**SUPPLIED MATERIAL**
+-------+

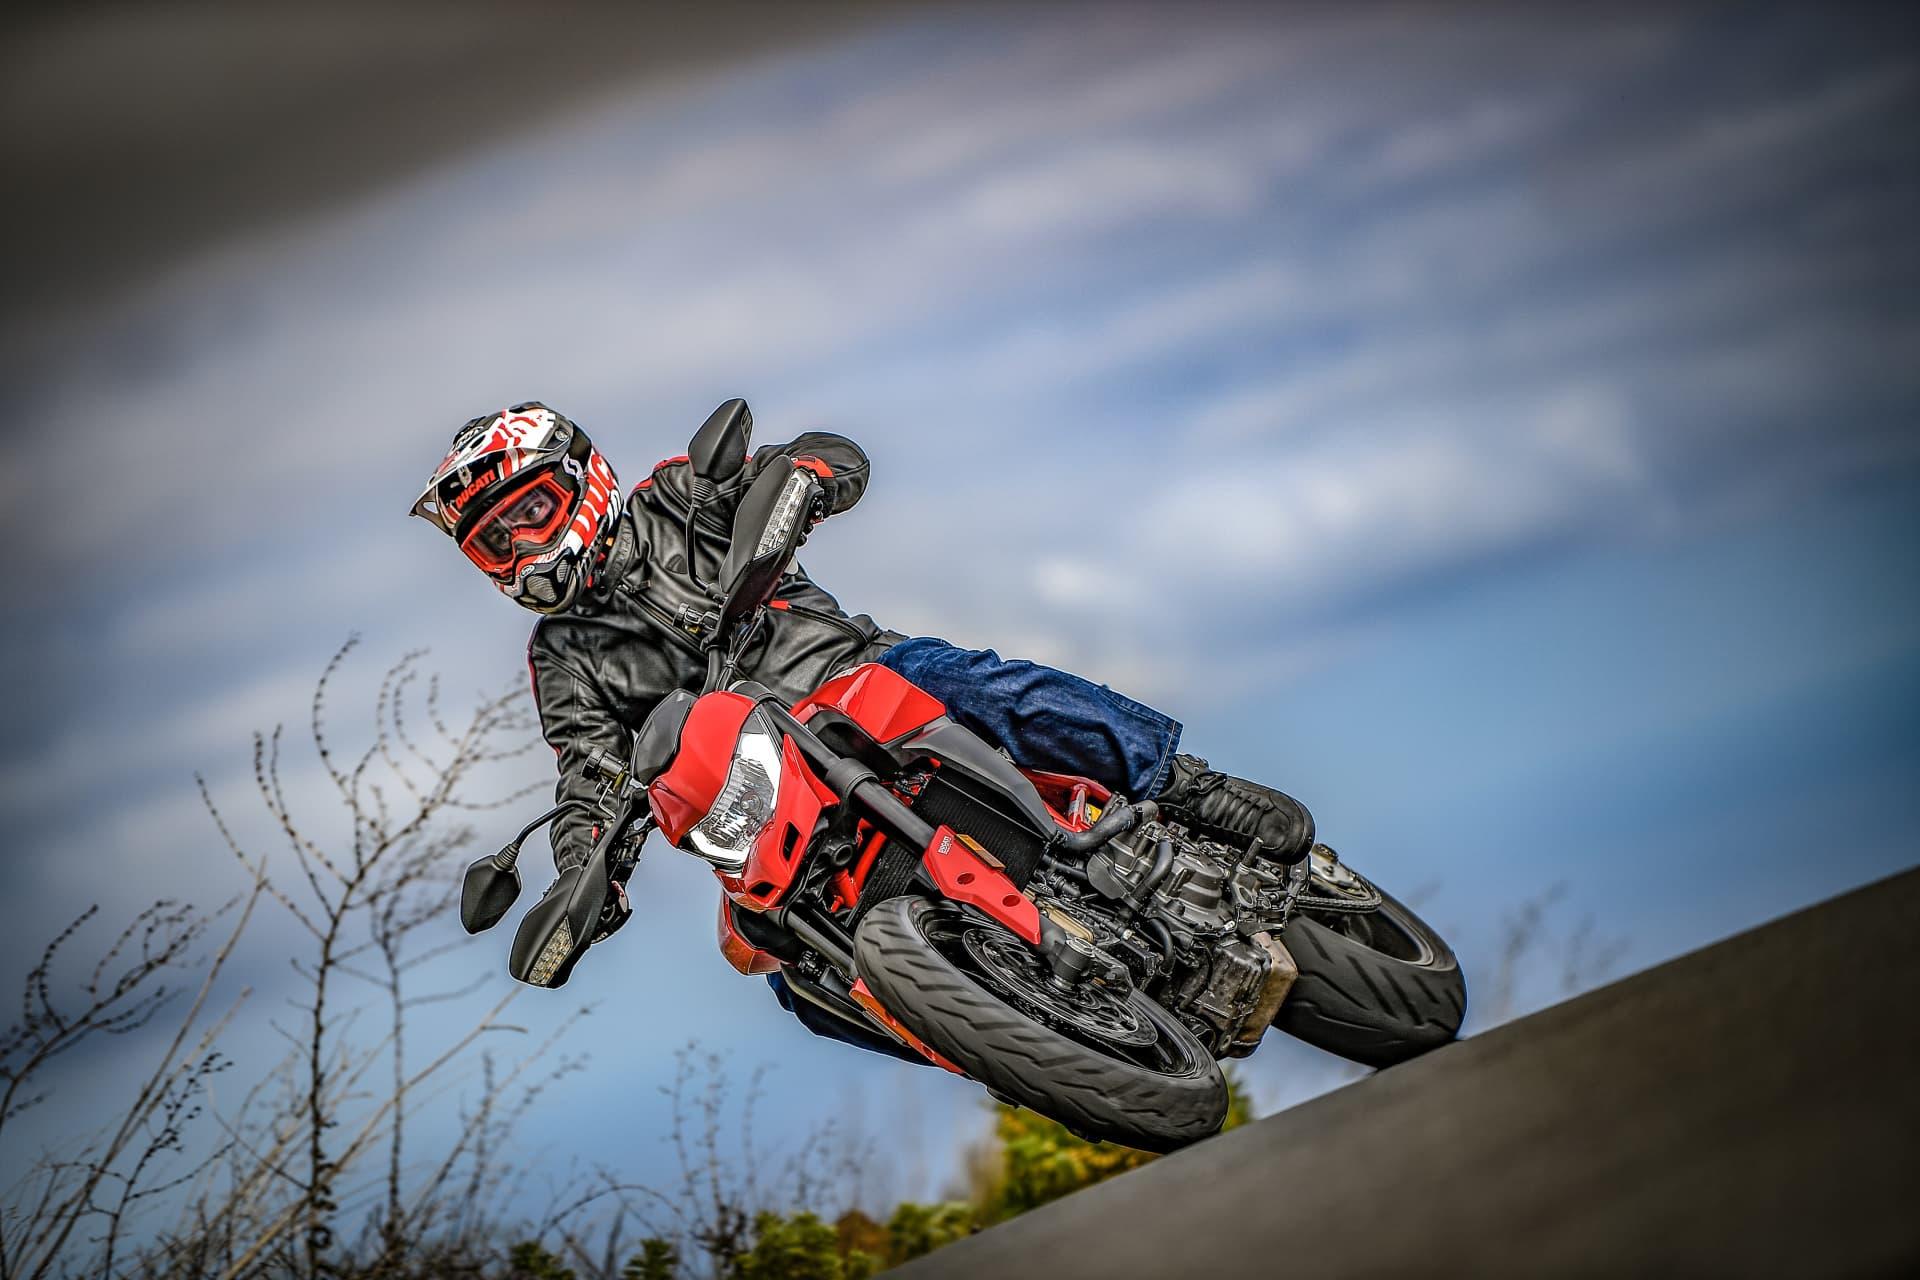 Ducati Hypermotard 950 Action 03 Uc70363 Mid
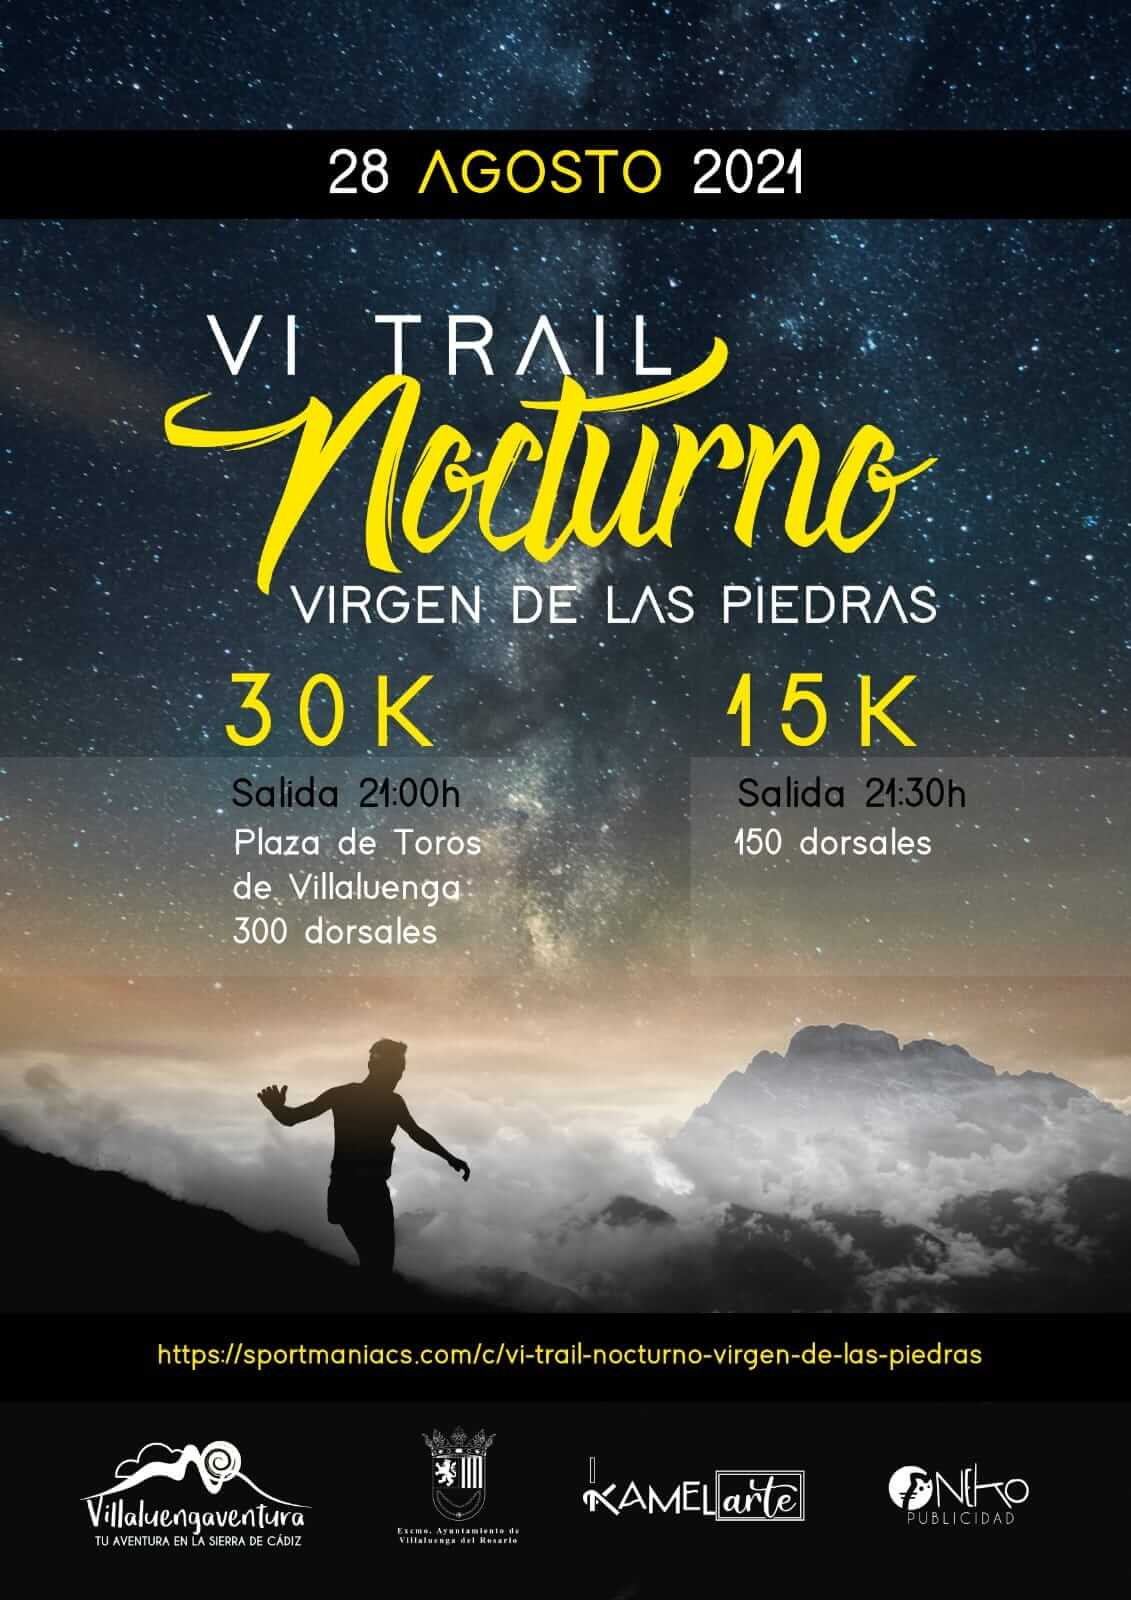 VI Trail Nocturno Virgen de las Piedras
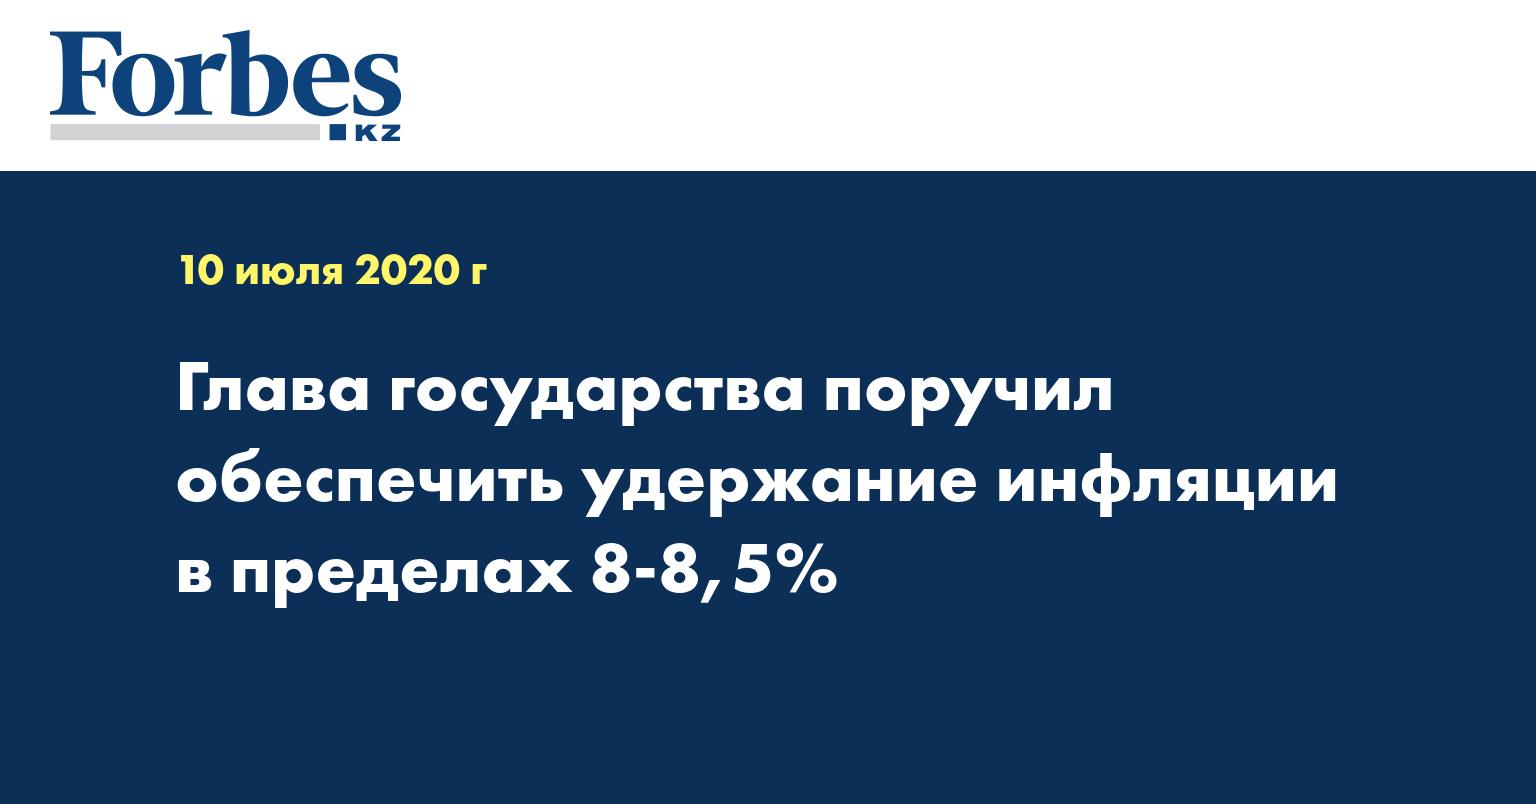 Глава государства поручил обеспечить удержание инфляции в пределах 8-8,5%
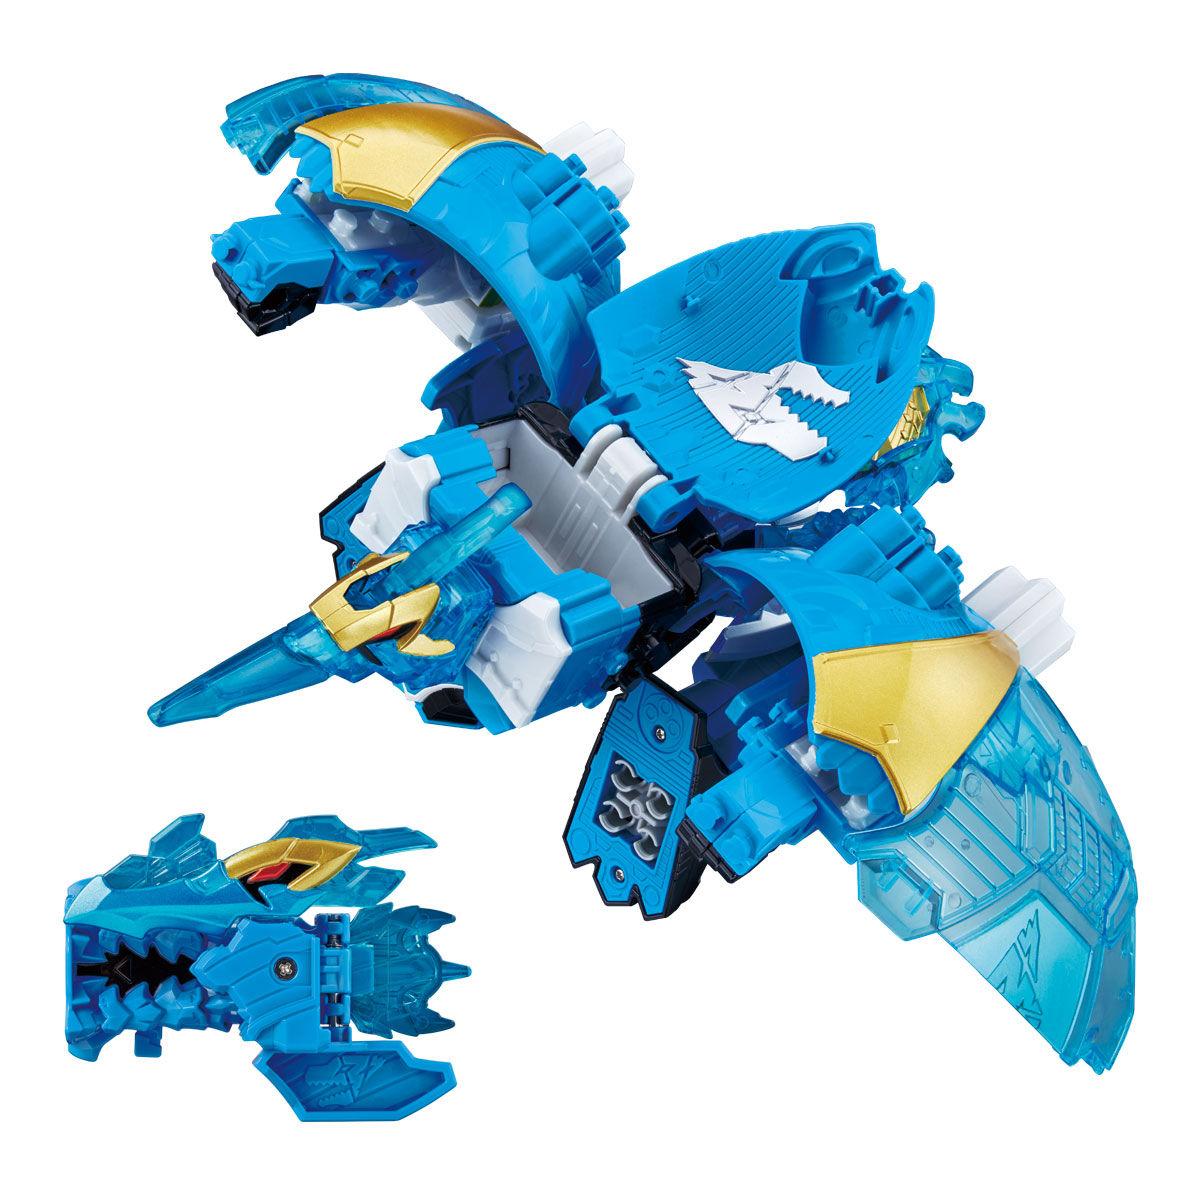 騎士竜戦隊リュウソウジャー『騎士竜シリーズ11 竜装変形 DXヨクリュウオー』可変可動フィギュア-002

+-------+

**YOUR TASK**
Your copy of the data should match it exactly, apart from the images, which are omitted.

**EXERCISE SOLUTION**
 Ducati Hypermotard 950 Action 03 Uc70363 Mid
 VI Trail Nocturno Virgen de las Piedras
 Глава государства поручил обеспечить удержание инфляции в пределах 8-8,5%
 騎士竜戦隊リュウソウジャー『騎士竜シリーズ11 竜装変形 DXヨクリュウオー』可変可動フィギュア-002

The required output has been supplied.